Ex-minister slams Blair argument for Iraq war



LONDON, Guy Jackson - Clare Short, a former British minister who resigned over the 2003 Iraq war, on Tuesday dismissed then premier Tony Blair's claim that Saddam Hussein's ouster had made the world safer.
Short told a public inquiry the US-led invasion had made Iraq more dangerous and that the chaotic aftermath had allowed Al-Qaeda to take root there.



Clare Short
Clare Short
The outspoken former international development minister branded as nonsense Blair's claim -- repeated to the inquiry last week -- that the need to take action against Saddam increased as a result of the September 11, 2001 attacks.
"Tony Blair's account of the need to act urgently somehow because of September 11 doesn't stack up to any scrutiny whatsoever," she said.
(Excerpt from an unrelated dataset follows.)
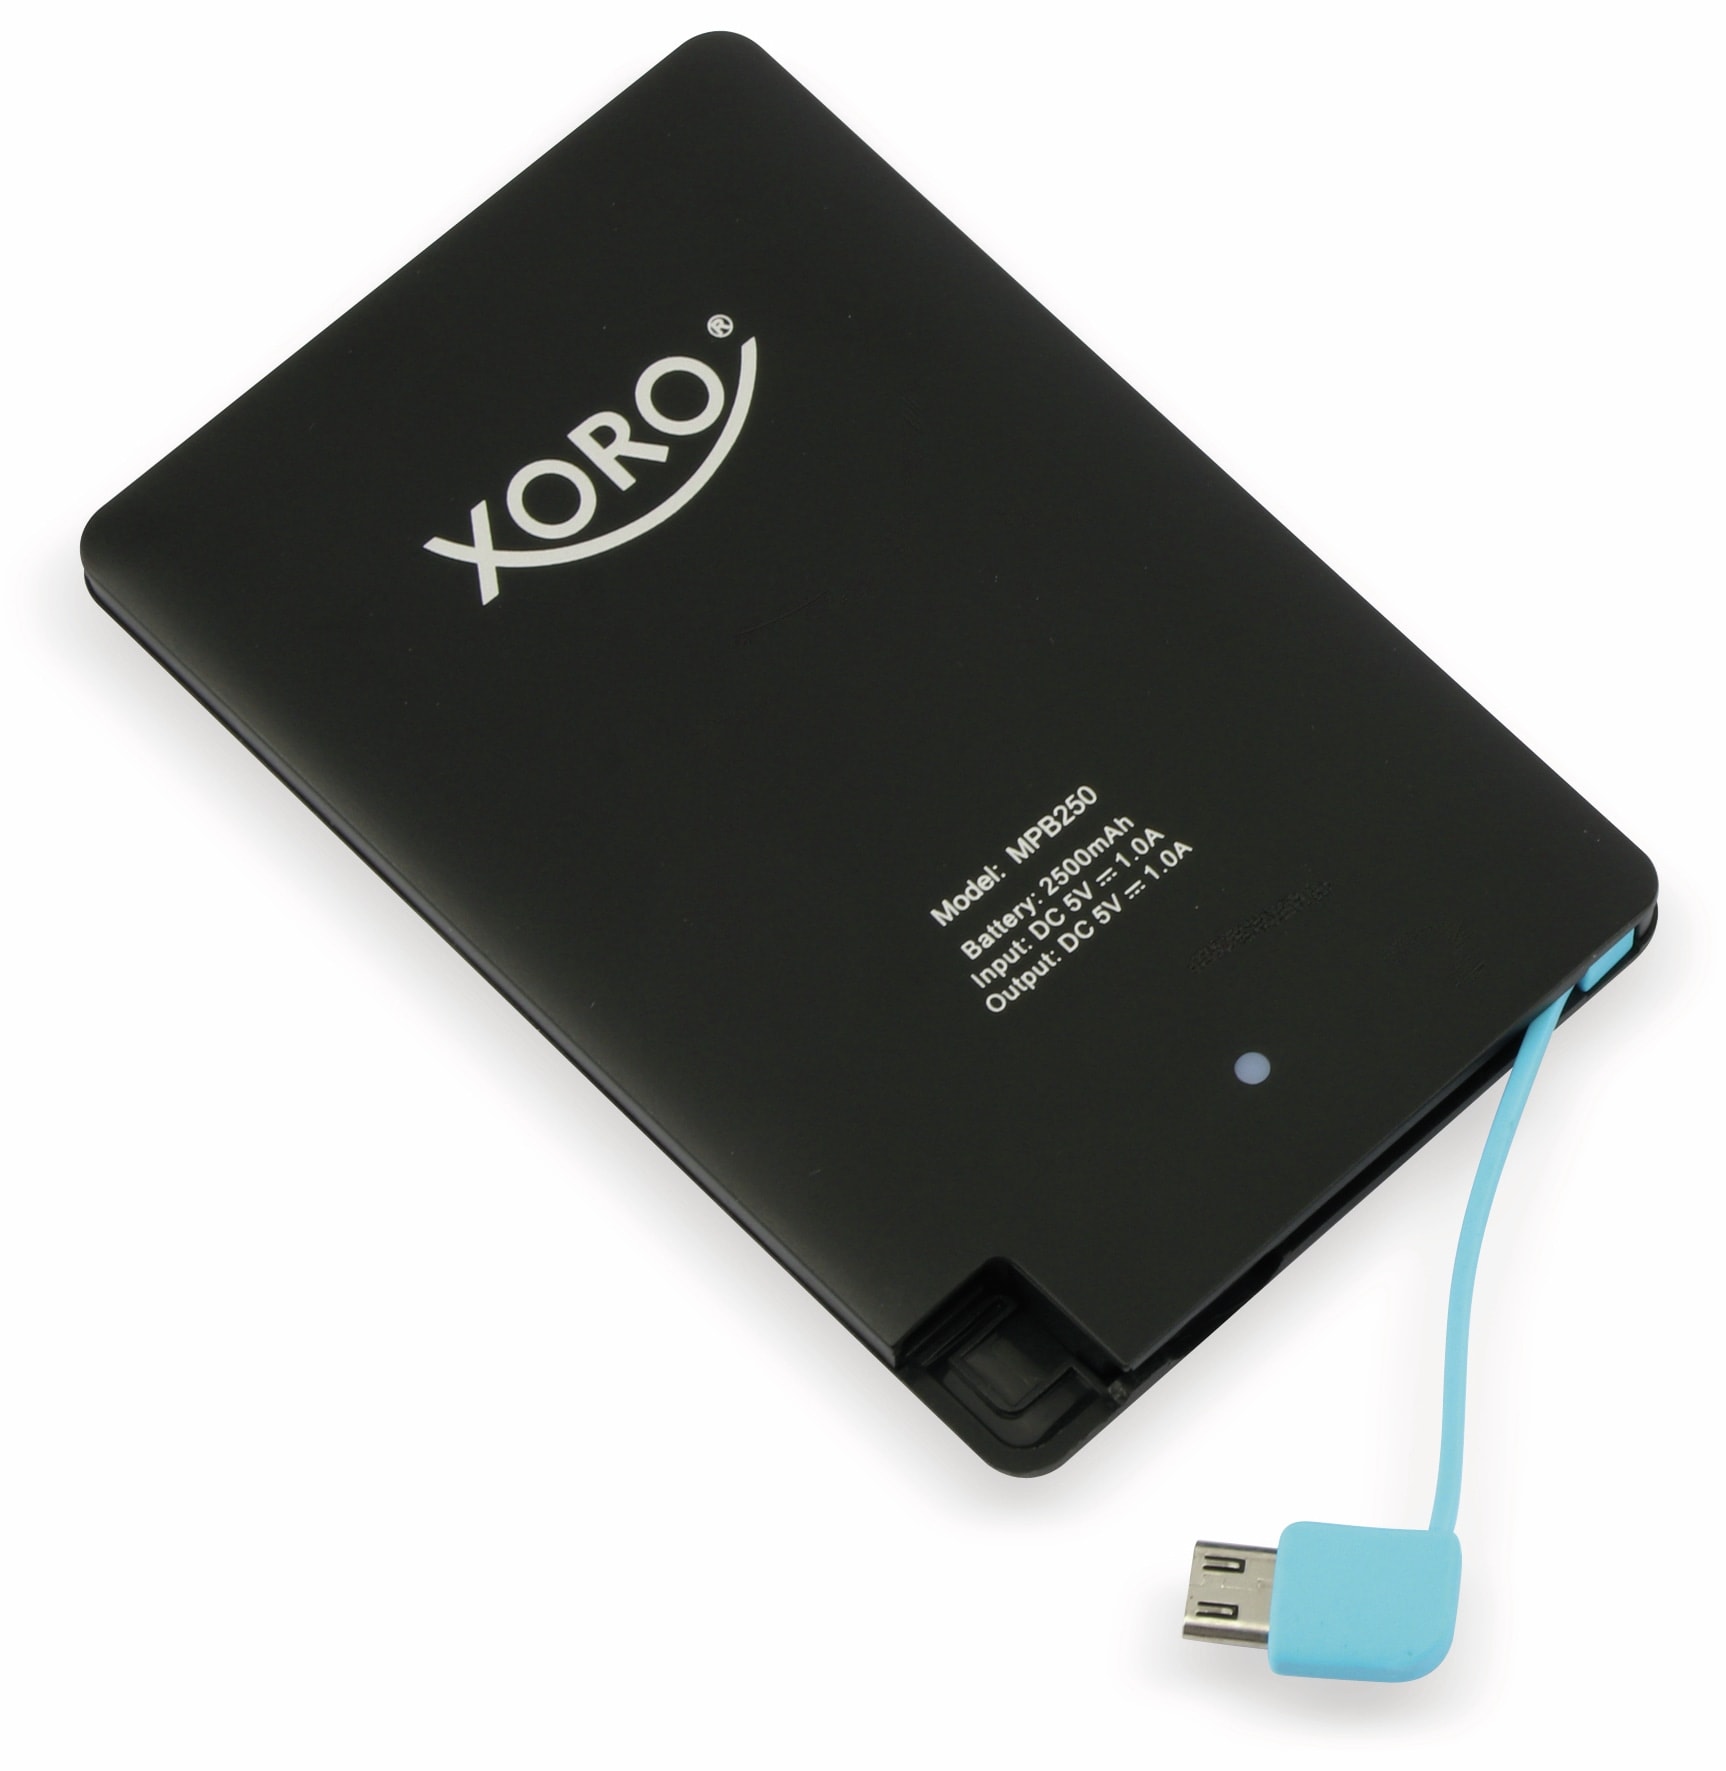 XORO USB Powerbank MPB 250, 2500 mAh, schwarz
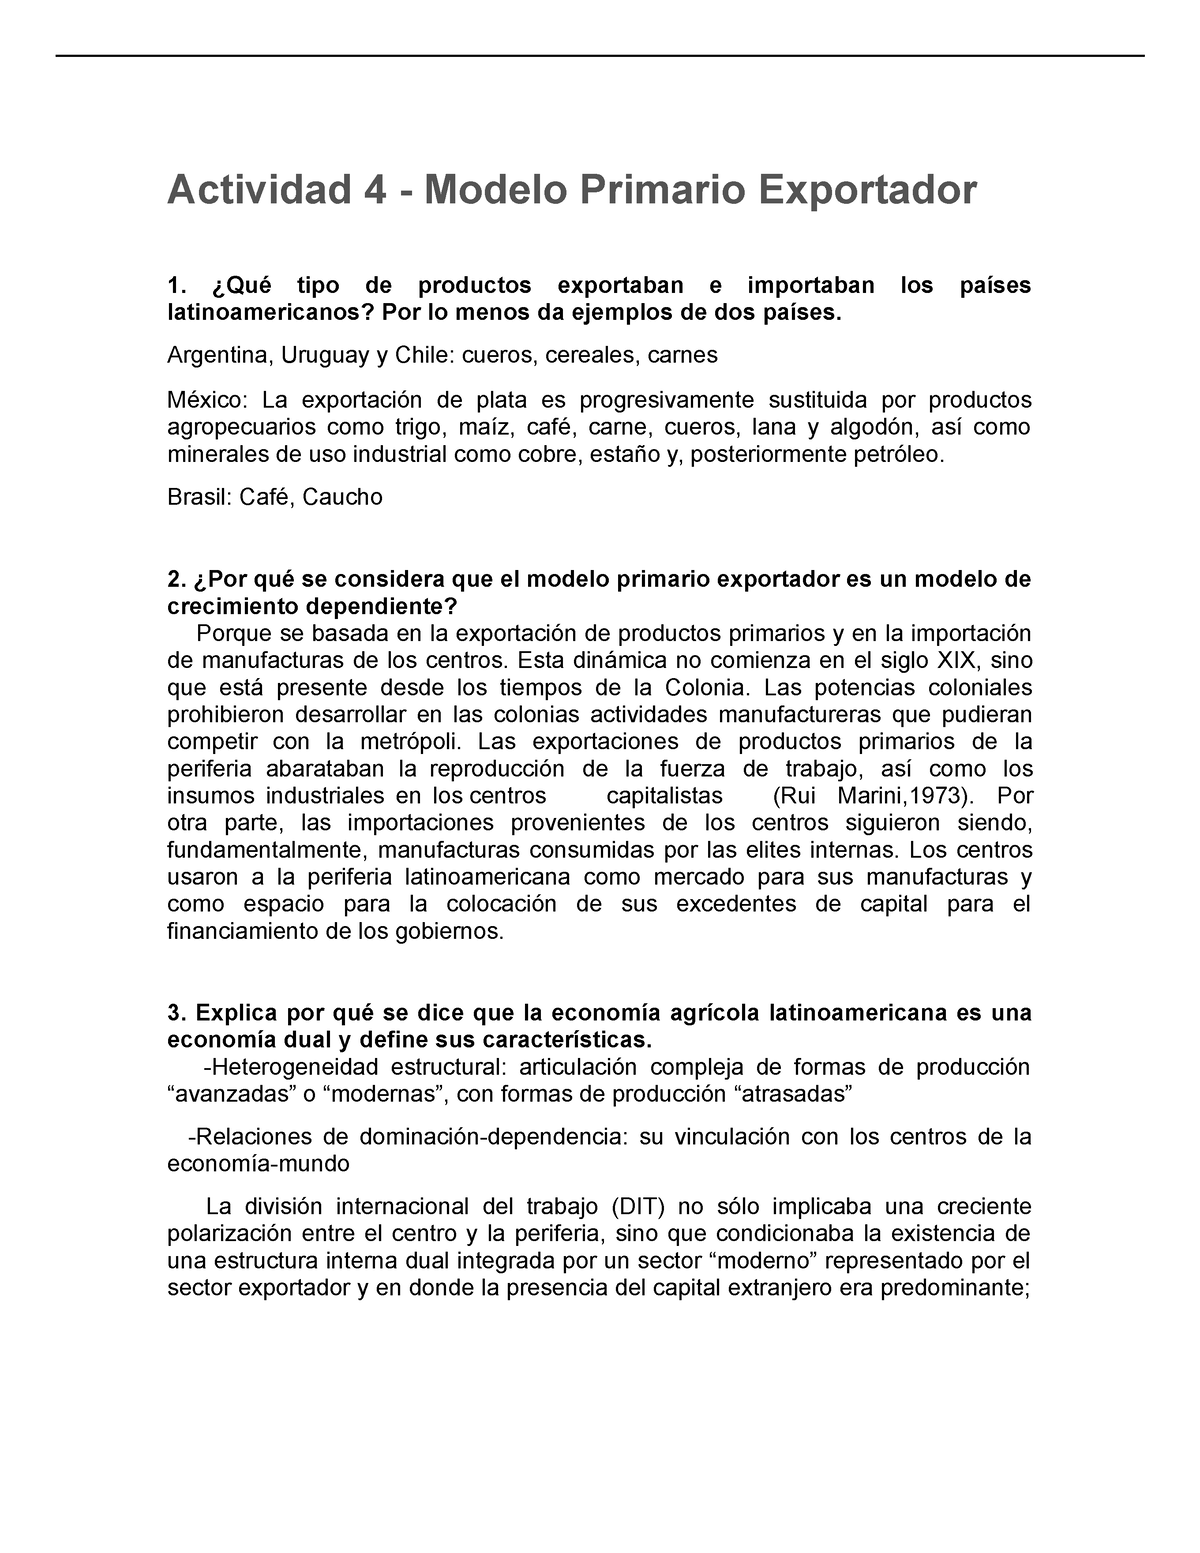 Actividad 4 modelo primario exportador - Actividad 4 - Modelo Primario  Exportador ¿Qué tipo de - Studocu

Short, who was applauded by the audience after her testimony, said there was no evidence that Saddam was linked to Al-Qaeda -- and the Americans had been "misled" over the claim.
"There is no doubt that by invading in this ill-prepared, rushed way, not only did we cause enormous suffering and loss of life, we made Iraq more dangerous and unstable and spread Al-Qaeda's presence in the Middle East," she said.
Short poured scorn on the British government's pre-war claims that Saddam was developing weapons of mass destruction, saying he "didn't have the means" to develop a nuclear threat.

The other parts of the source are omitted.